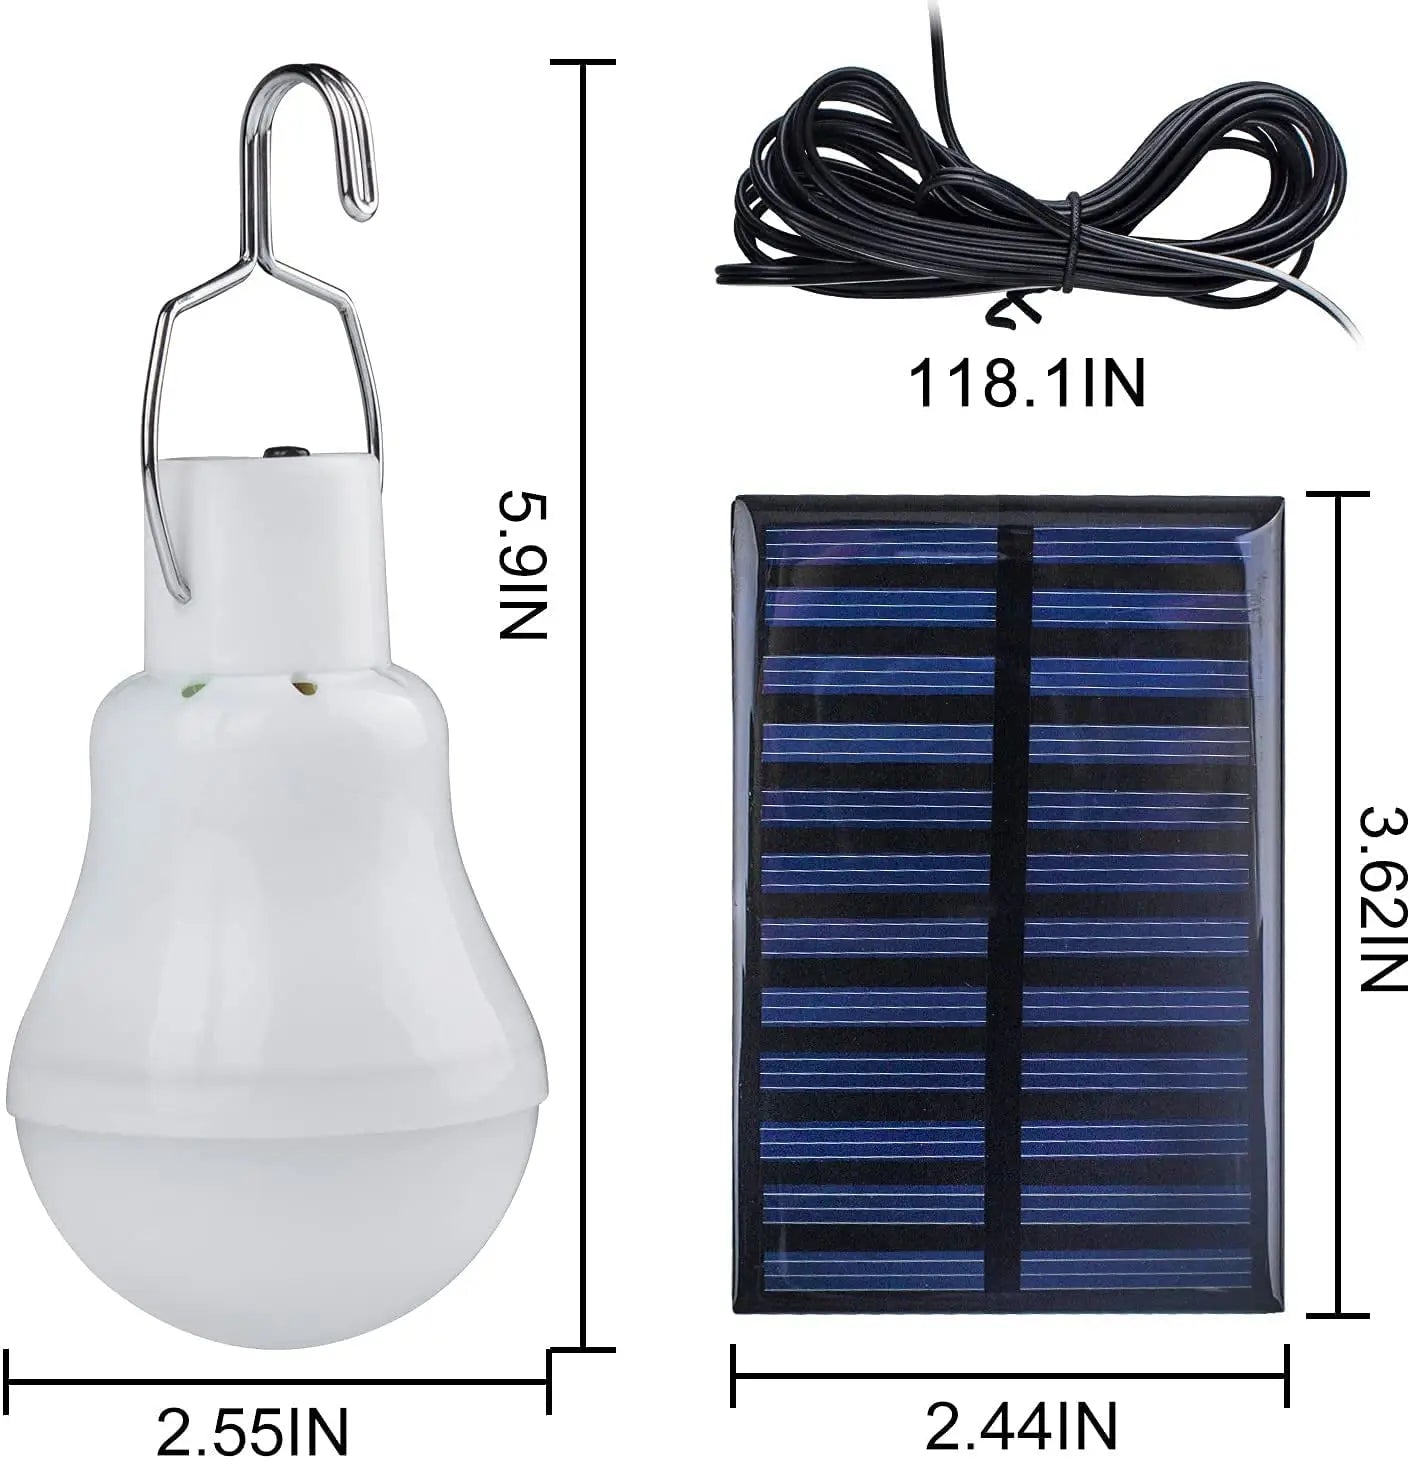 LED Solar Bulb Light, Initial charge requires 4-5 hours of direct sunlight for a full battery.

--

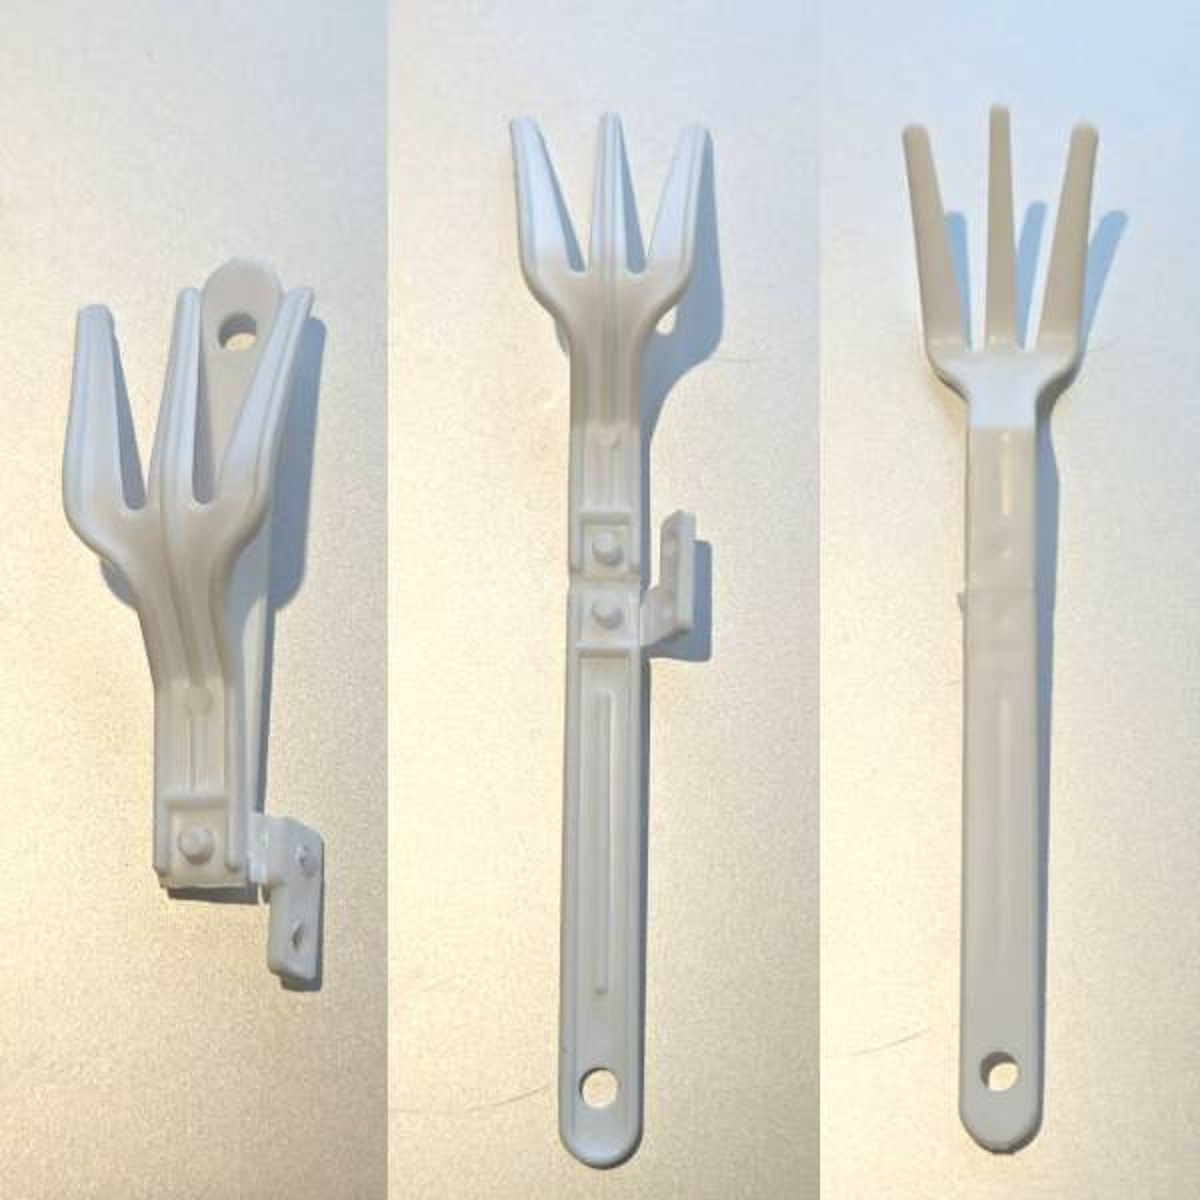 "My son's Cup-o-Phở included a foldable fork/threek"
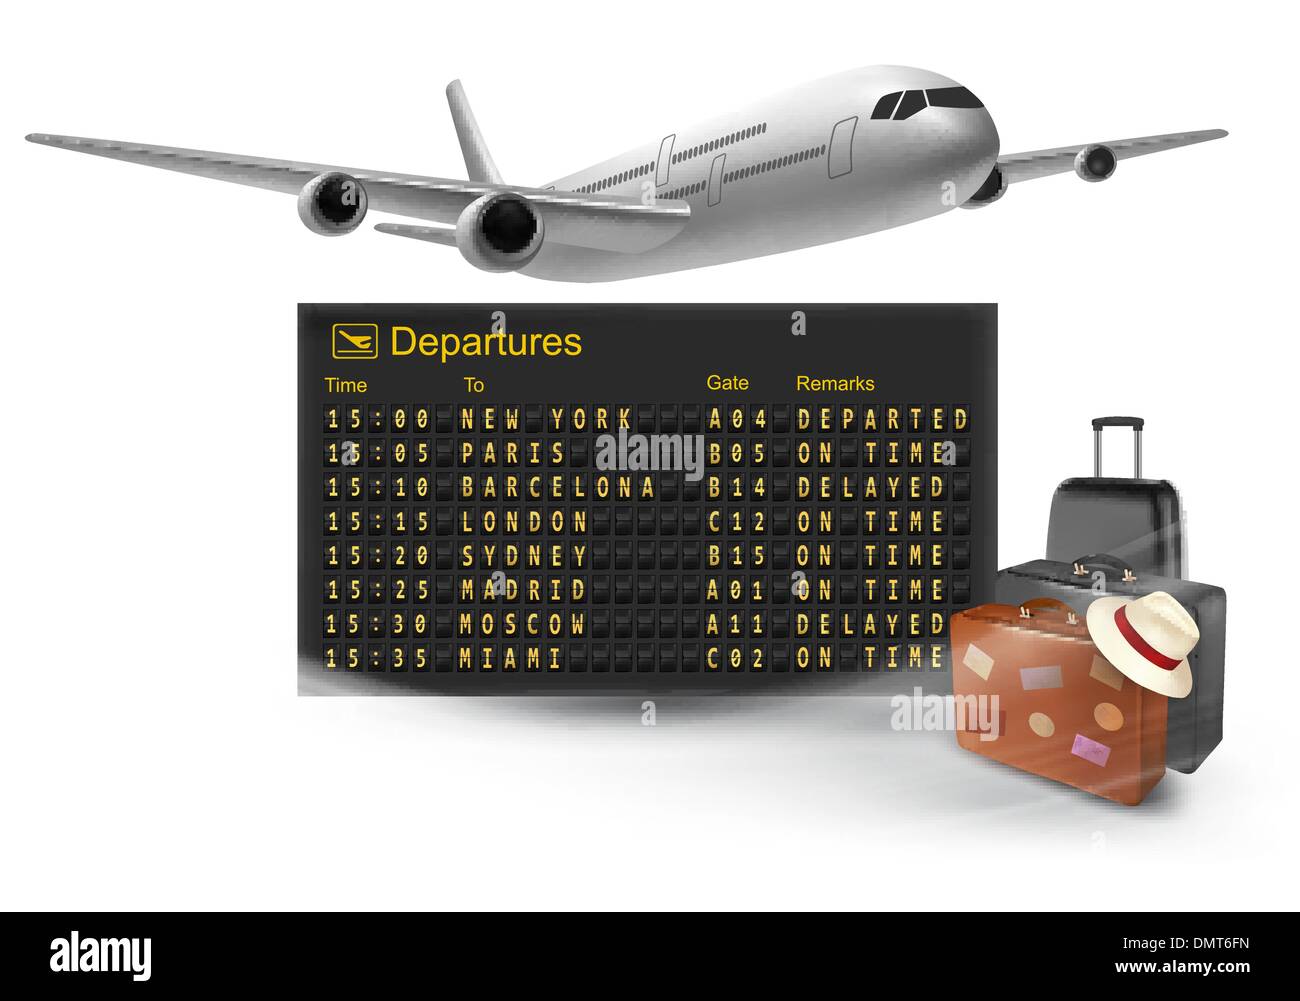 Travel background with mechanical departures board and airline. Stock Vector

...

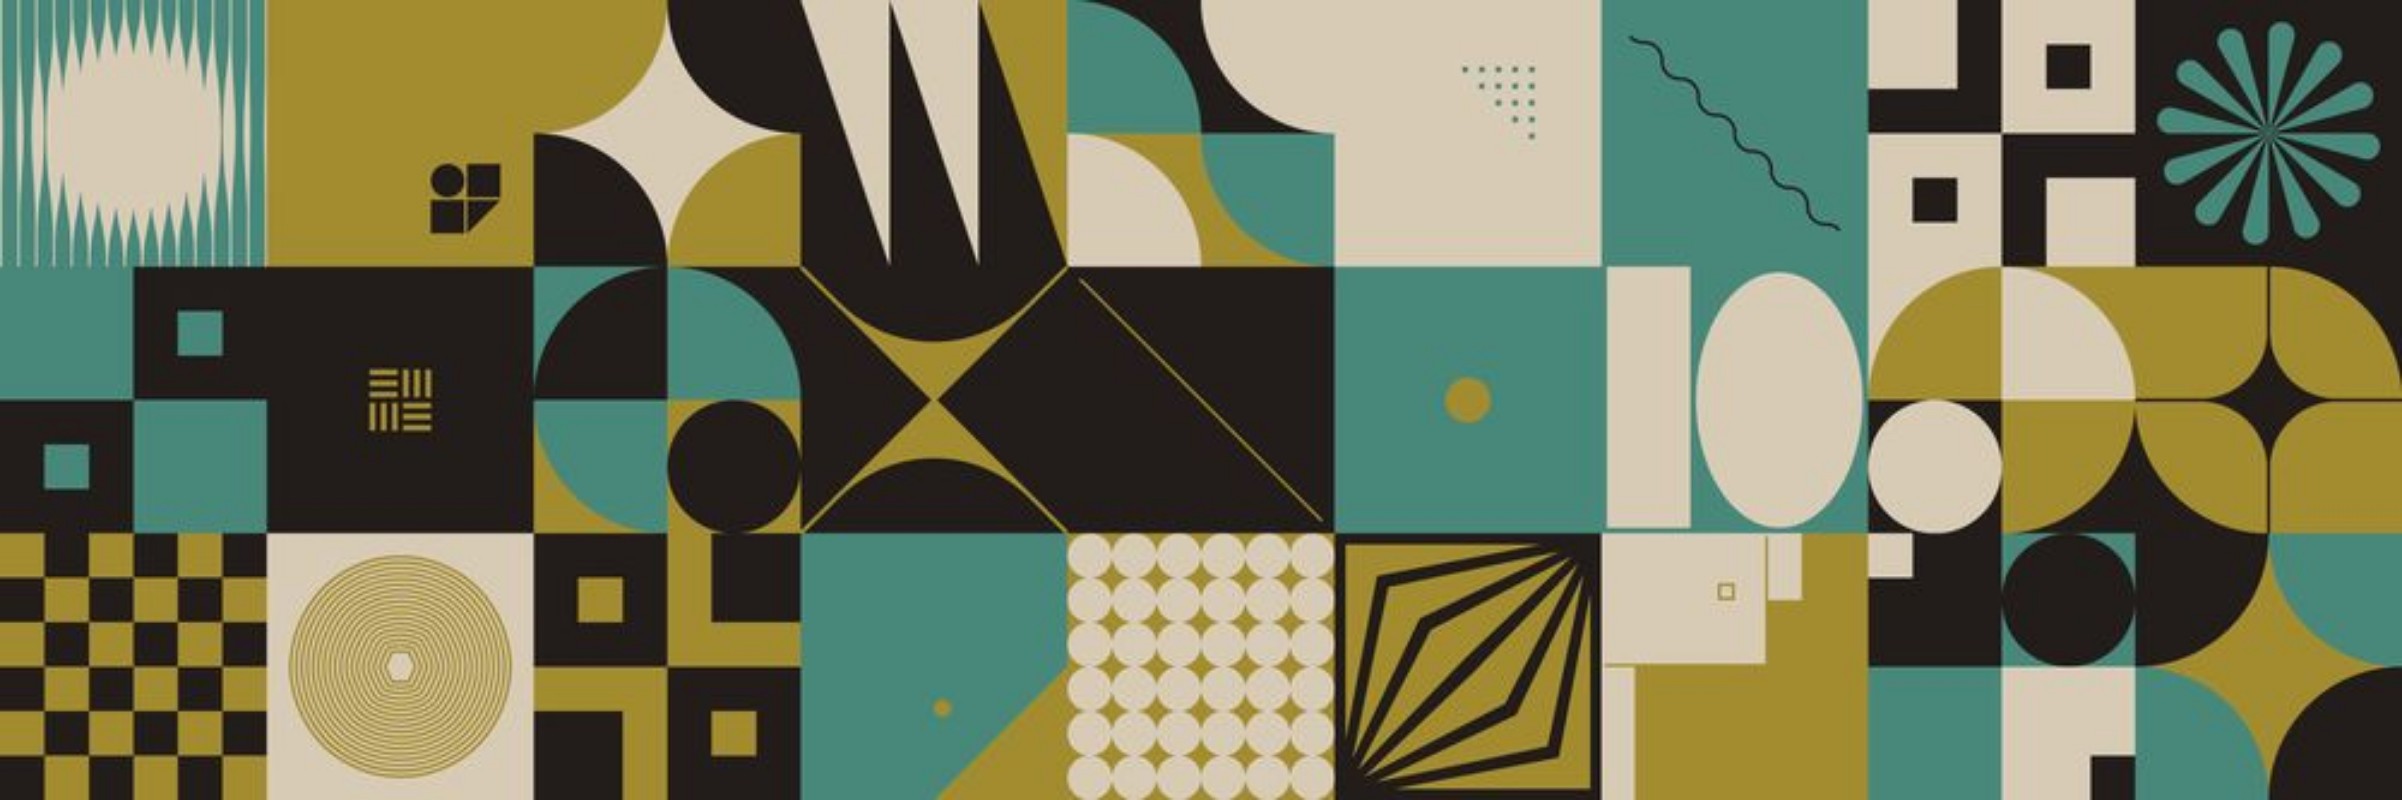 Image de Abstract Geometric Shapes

- **YOUR OBJECTIVE**
Beginning with the line holding "son's Cup-o-Phở included" in the material above, restate word for word each line through the line holding "Travel background with", and exclude pictures.

- **OUTPUT FOR THIS TASK**
 "My son's Cup-o-Phở included a foldable fork/threek"
 Travel background with mechanical departures board and airline. Stock Vector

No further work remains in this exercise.